Terug naar de Aarschotstraat, de 500 meter lange strook die evenwijdig loopt met het Brusselse Noordstation. In normale tijden licht ’s avonds de ene kant op met neon, terwijl de andere oplost in het duister van de spoorwegberm.

Schaarbeek investeerde de afgelopen vijftien jaar al in straatheraanleg, urinoirs en nieuwe rijrichtingen. Overdag zijn er weinig problemen, de nacht blijft desastreus: sinistere straatverlichting, geweldpleging en mensen die de Aarschotstraat mijden. Bewoners in de zijstraten klagen over slaapstoornissen. Uit metingen blijkt dat er om de minuut een nachtgeluid weerklinkt: getoeter, gierende banden of gescheld. Het gewest houdt zich afzijdig. Als er niet voor delokalisatie wordt gekozen, zou het de straat ook kunnen herbestemmen tot woonstraat, maar dan moeten de andere commerciële activiteiten eveneens ­wijken.

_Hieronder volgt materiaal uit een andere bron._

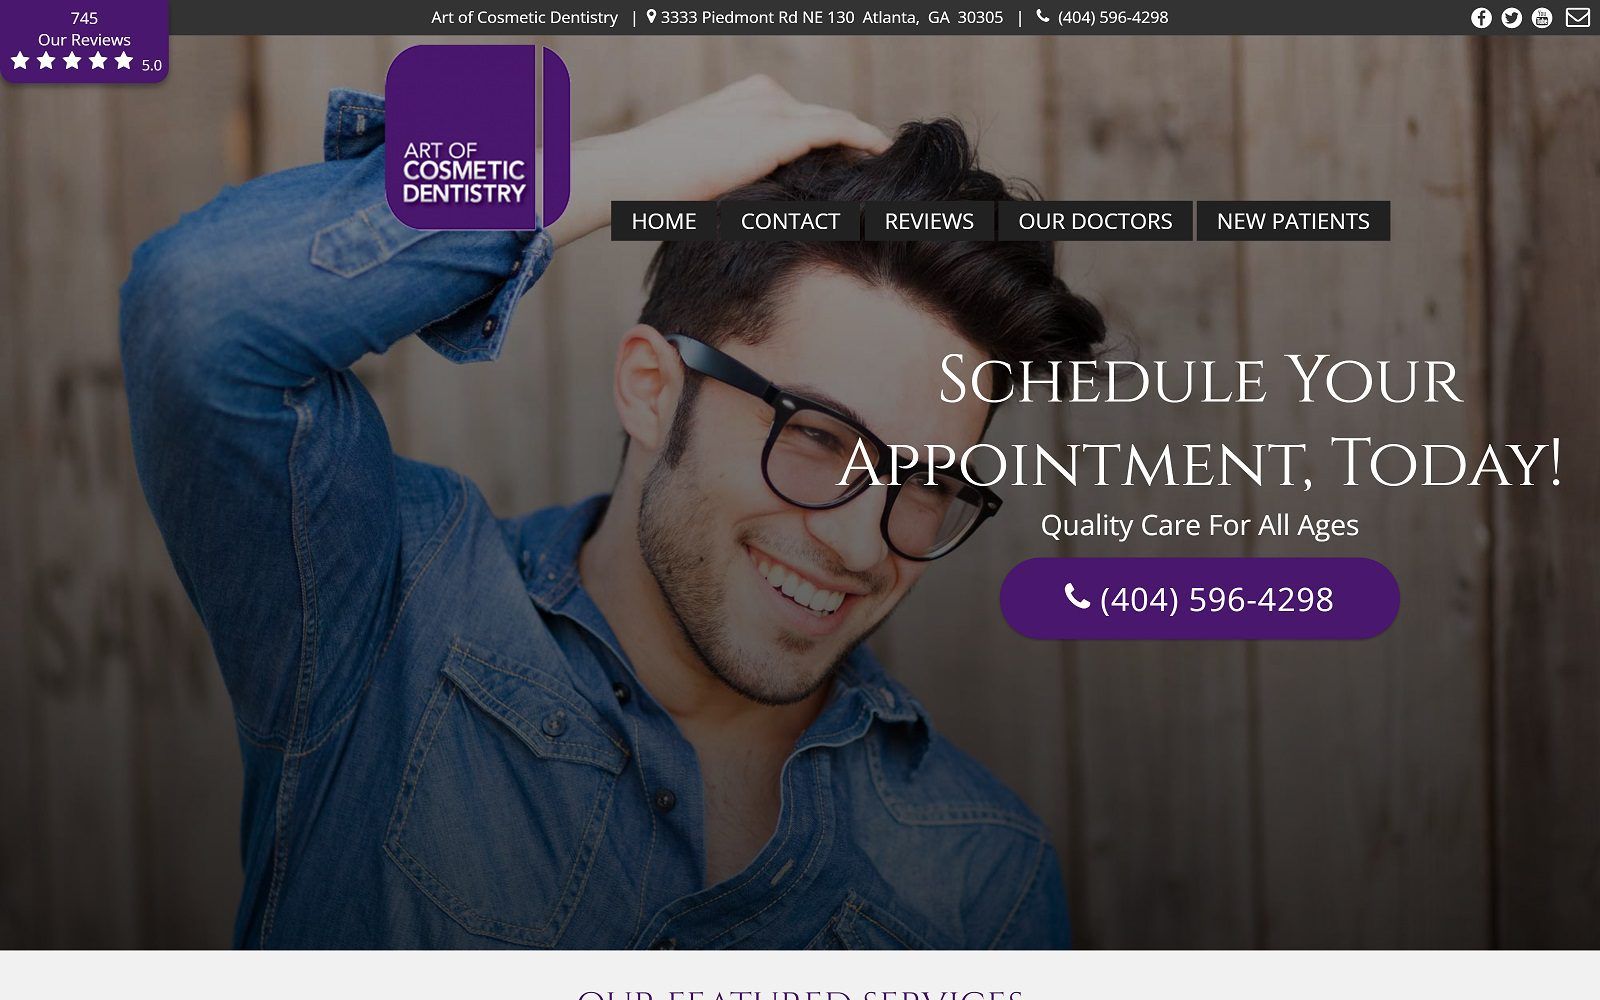 The screenshot of art of cosmetic dentistry website

De overlast zo goed mogelijk verder inperken, lijkt het enige realistische scenario. Daartoe werkte het architecten­bureau L’Escaut voorstellen uit. ‘We stelden voor om de straat een identiteit te geven die meer respect afdwingt’, zegt zaakvoerder Olivier Bastin. ‘We dachten aan het beschilderen van het asfalt en de spoorberm, een goed lichtplan en een vuilnisbeleid. De omgeving zou ’s nacht autoluw kunnen worden gemaakt en de politieaanwezigheid zou er kunnen worden opgevoerd. Ook zouden de ramen kunnen worden gesloten langs de kant van de stationsuitgangen.’ De gemeente deed niets met de aanbevelingen. De komende jaren staan hier vooral losse projecten op stapel: een metrostation, een plein, een winkelgalerij en koopappartementen.

Raamuitbater Sonny* blijft er gerust op. ‘Ik zie de raamprostitutie hier nog niet zo gauw verdwijnen. Als je via internet een prostituee bestelt, krijg je soms niet over de vloer wie er op de foto stond. Aan de ramen is dat anders. What you see, is what you get. Dat is hun sterkte.’

De namen met een * zijn schuilnamen, om privacyredenen. De echte namen van Sonny en Marie zijn bekend bij de redactie. De auteur sprak Karina toen hij onderzoek deed naar sekswerk. Sinds corona heeft hij haar niet meer gezien.